Resource Unit price Source
Standard-1X dyno $25.00/mo heroku.com/pricing
Eco dyno $5.00/mo (shared pool, sleeps) heroku.com/pricing
Heroku Postgres Essential-0 $5.00/mo (1 GB, 20 conn, no rollback) elements.heroku.com/addons/heroku-postgresql
Heroku Postgres Essential-2 $20.00/mo (32 GB, 40 conn, no rollback) elements.heroku.com/addons/heroku-postgresql
Heroku Postgres Standard-0 $50.00/mo (4 GB RAM, 64 GB disk, 200 conn, 4-day rollback, dedicated) elements.heroku.com/addons/heroku-postgresql
Heroku Postgres Standard-2 $200.00/mo (8 GB RAM, 256 GB disk, 500 conn) elements.heroku.com/addons/heroku-postgresql

1b. #908 as-proposed: two Standard-1X + two Standard-0 Postgres

Line item Monthly Notes
raxx-velvet-prod dyno (Standard-1X) $25.00 Always-on, 512 MB RAM
raxx-velvet-staging dyno (Standard-1X) $25.00 Always-on
raxx-velvet-prod Postgres (Standard-0) $50.00 4 GB RAM, 64 GB disk, 4-day rollback
raxx-velvet-staging Postgres (Standard-0) $50.00 Same tier; see Section 3b for staging tier discussion
Total new spend $150.00/mo
Existing Heroku baseline ~$80.00/mo raxx-console + raxx-api (prod + staging each)
Total Heroku after #908 ~$230.00/mo

Your estimate was $200/mo. Actual is $150/mo new spend. The error: Standard-1X is $25, not $50. Standard-1X at $50 does not exist in the current rate card; the next step up is Performance-M at $250/mo.

1c. Projections

Horizon New Velvet spend Total Heroku (incl. baseline)
12 months $1,800 ~$2,760
36 months $5,400 ~$8,280

These projections assume no dyno scaling, no staging-tier downgrade, and no Heroku price changes. At 36 months, vendor-risk mitigation (Section 3a) makes the 36-month projection speculative — it may not run on Heroku for that full window.

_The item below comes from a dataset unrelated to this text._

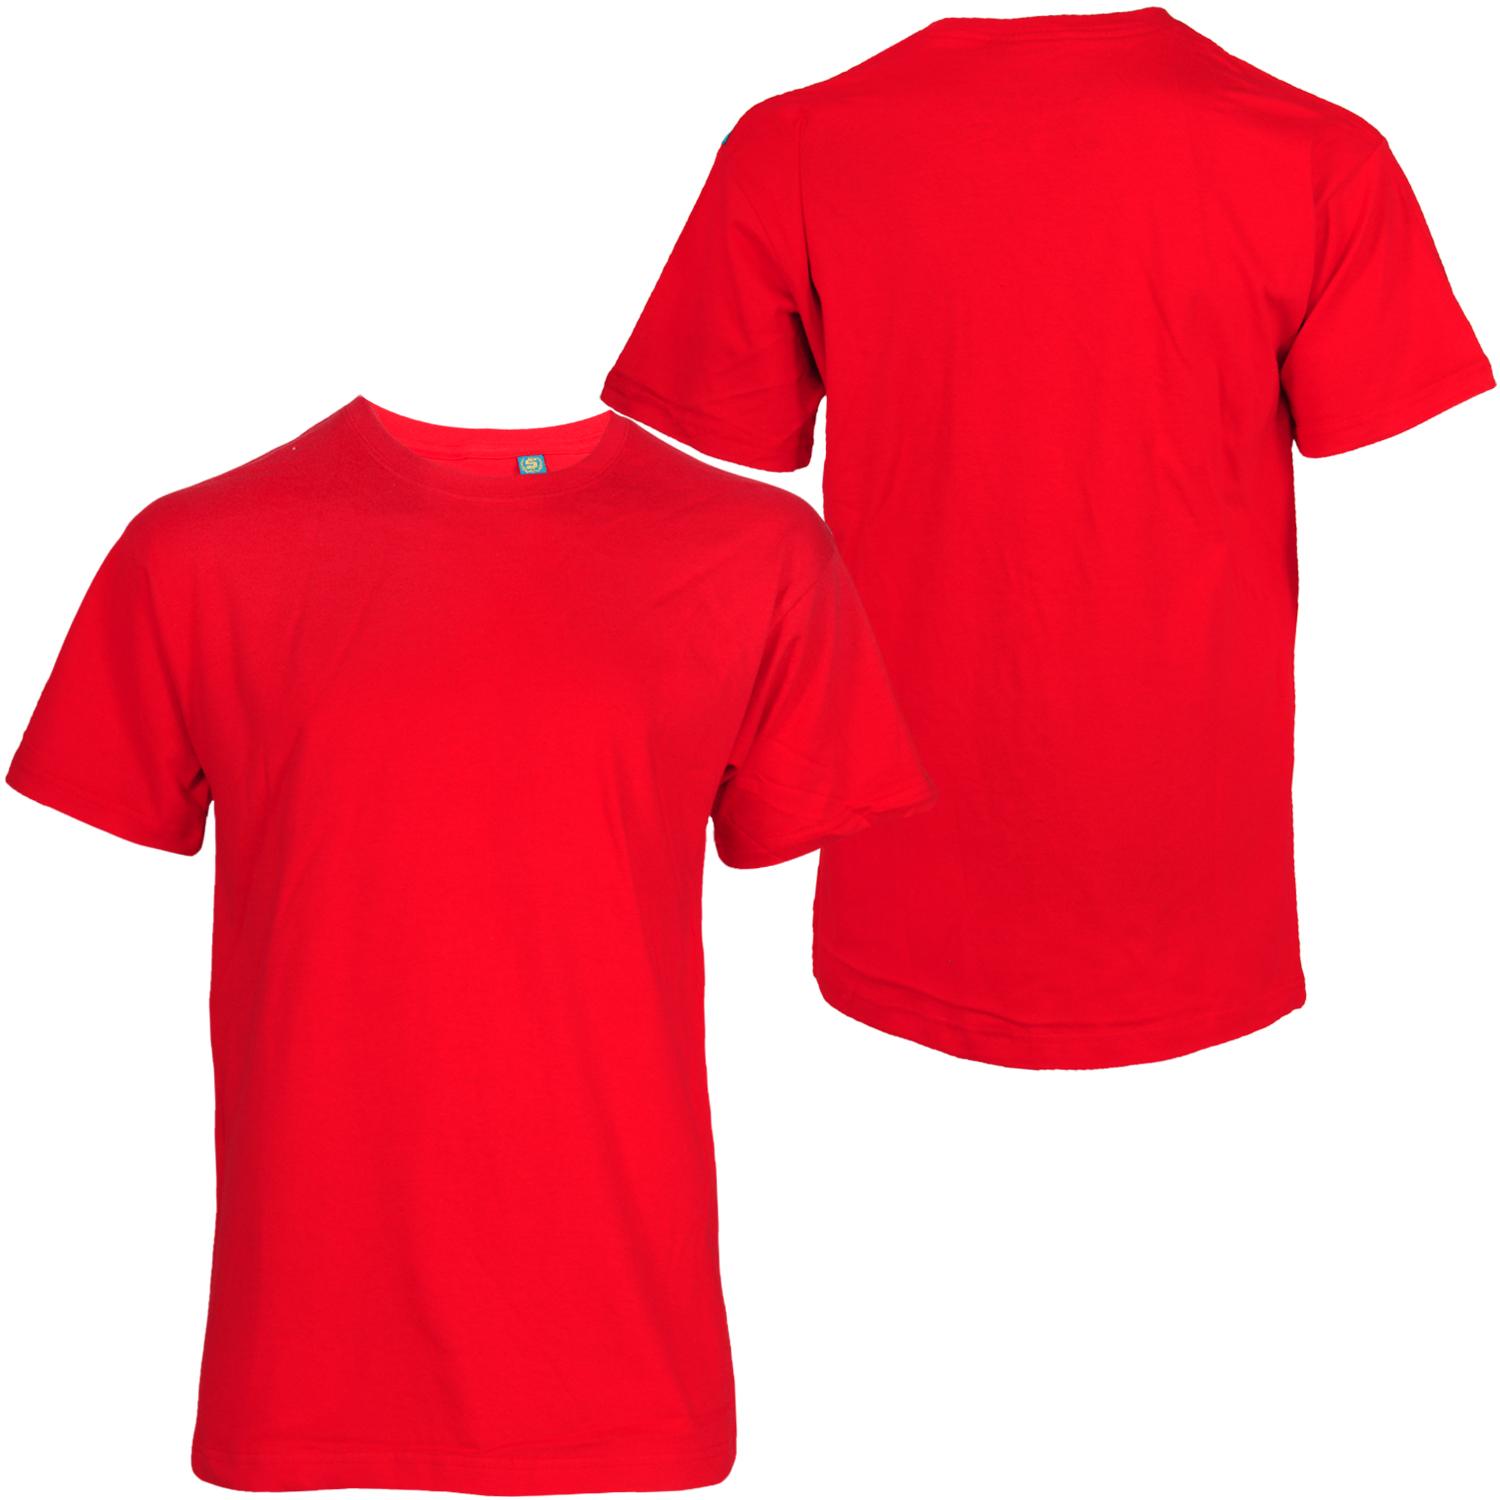 Foto Shmack Shmack Basic Blank T-shirt Rot Camisetas Rojo foto 232651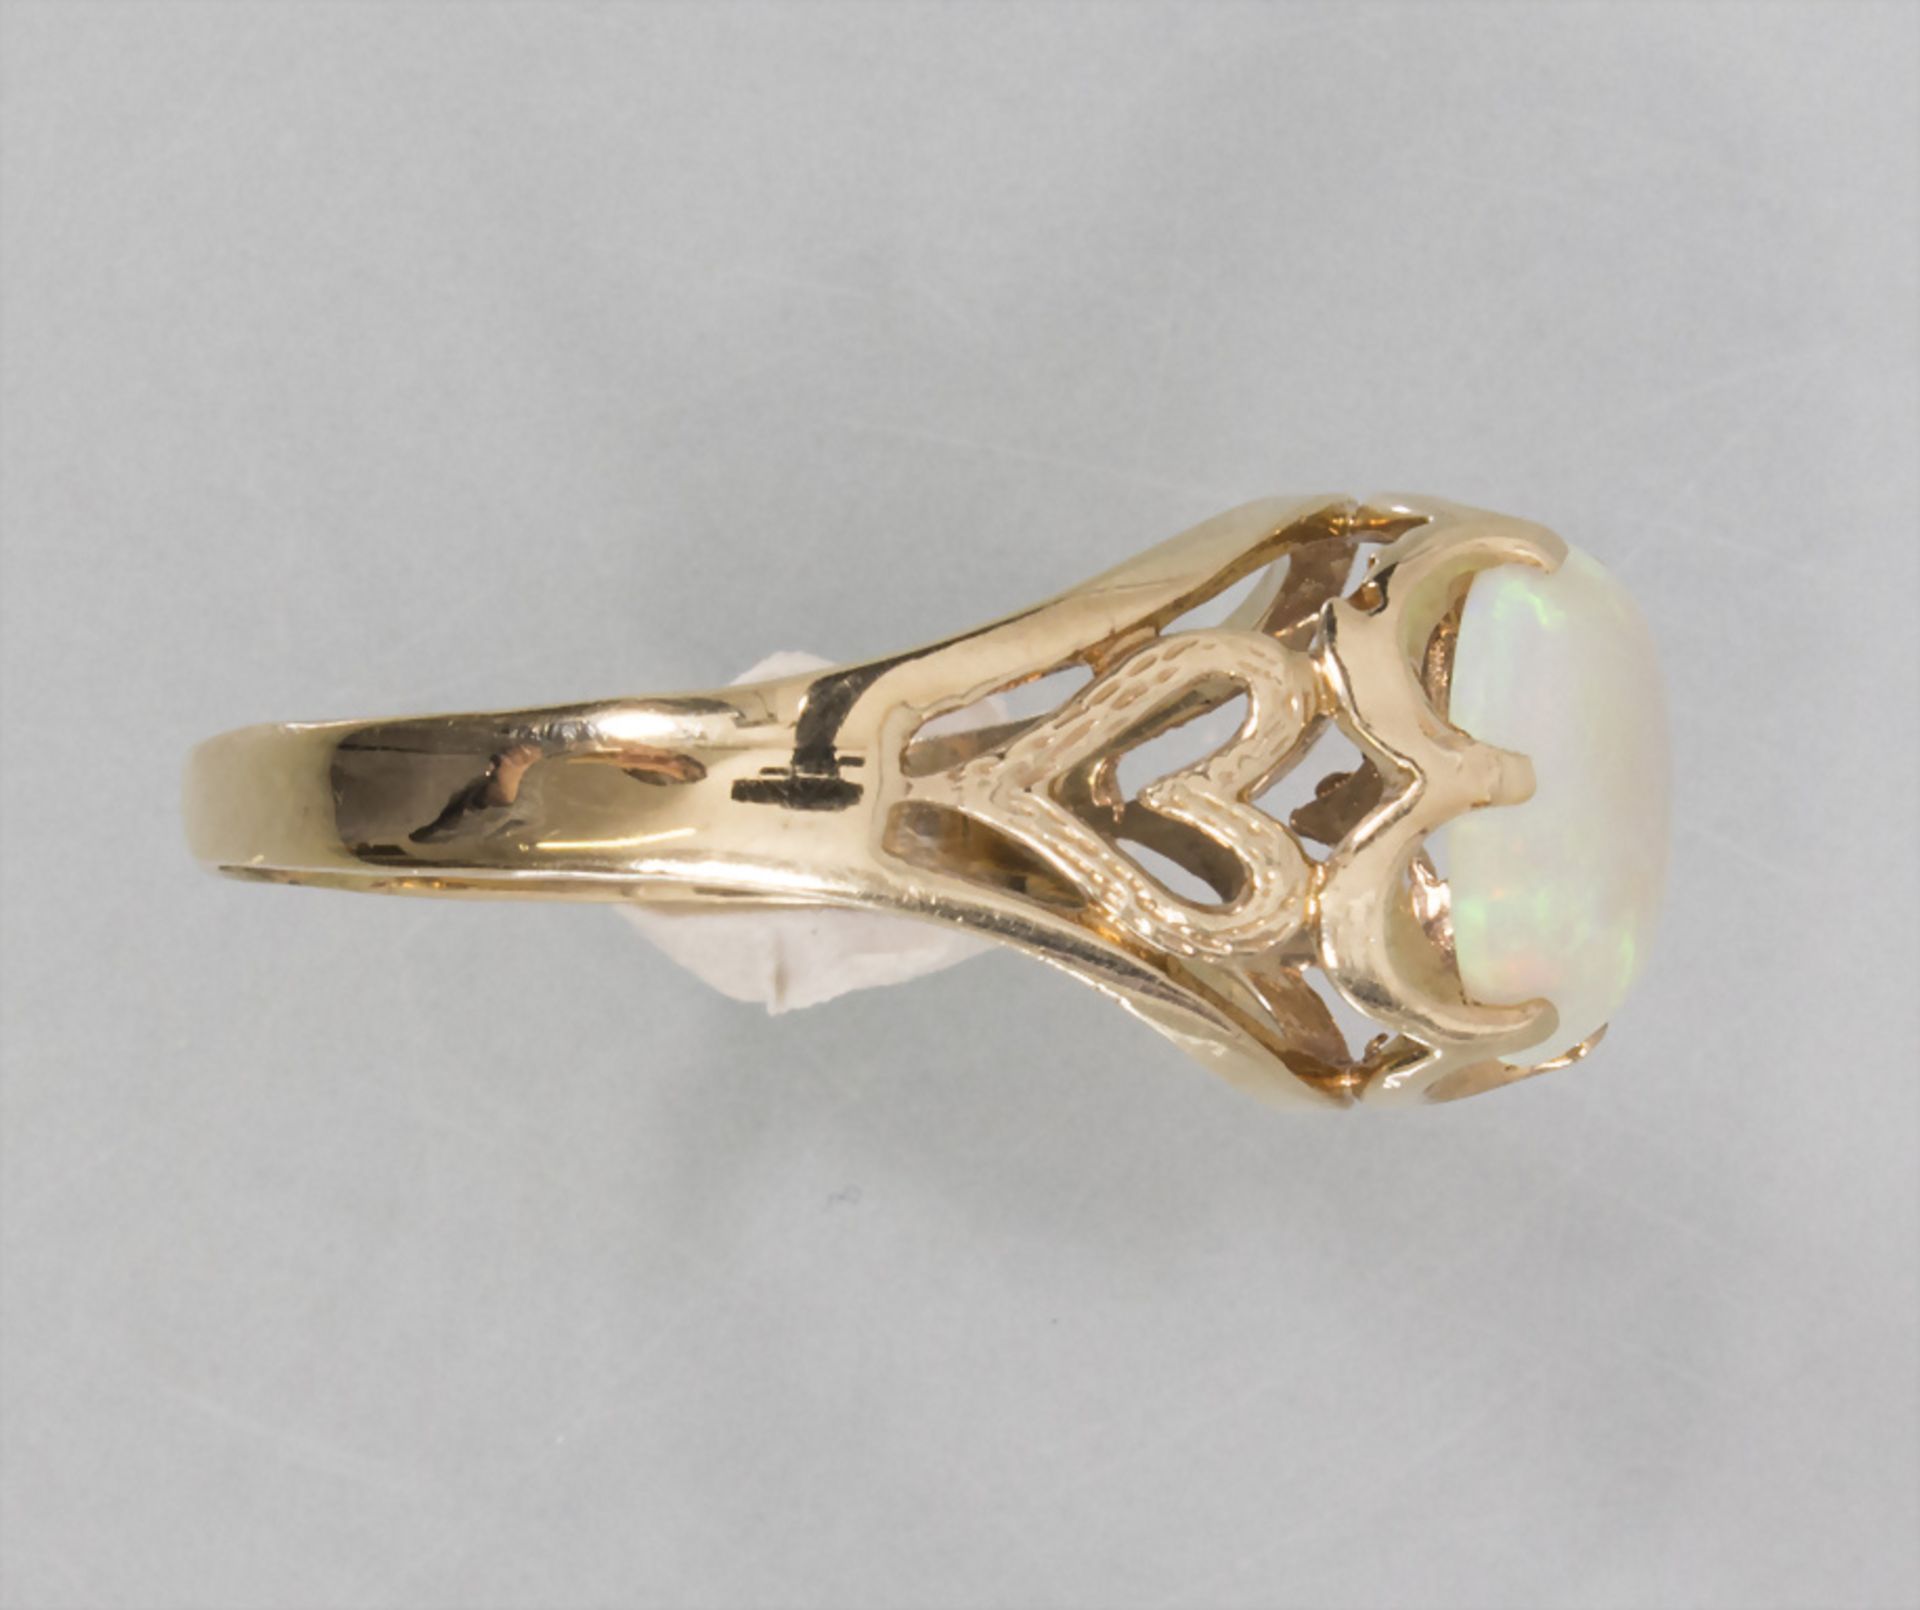 Damenring mit Opal / A ladies 14k gold ring with an opal - Bild 3 aus 4

2. Alternative Architectures

(a) Single-instance Velvet — one app + one Postgres

What you lose: The staging environment for Velvet itself. Rotation flows for staging tokens (e.g., raxx-api-staging Heroku config vars) would run against prod Velvet. This means a bug in a new adapter (e.g., the GitHub Actions adapter in B6) that causes an unhandled exception crashes prod Velvet mid-rotation, leaving a rotation job in minting or distributing state with no clean recovery path in a non-prod lane.

Given the v2 design's three-stage state machine and the explicit design principle that testing-flow rotations run against throwaway tokens, the staging Velvet instance exists primarily to validate the service-bus fan-out and consumer adapters before they touch prod credentials. Collapsing to single-instance eliminates that safety lane entirely.

Cost diff:

Item Monthly savings vs. proposed
Drop raxx-velvet-staging dyno -$25.00
Drop staging Postgres (Standard-0) -$50.00
Net -$75.00/mo ($75/mo instead of $150/mo)

Verdict: Viable only if Velvet's flow_type=testing path is considered sufficient as a safety lane, and if all adapter development happens in a feature branch that runs against a local Postgres in CI. The ops risk is non-trivial: the 2026-05-02 incident (rot_2b1e) happened precisely because there was no staging rehearsal path to catch the old-token auth-probe gap. Losing the staging instance trades $75/mo in savings for the same class of incident risk.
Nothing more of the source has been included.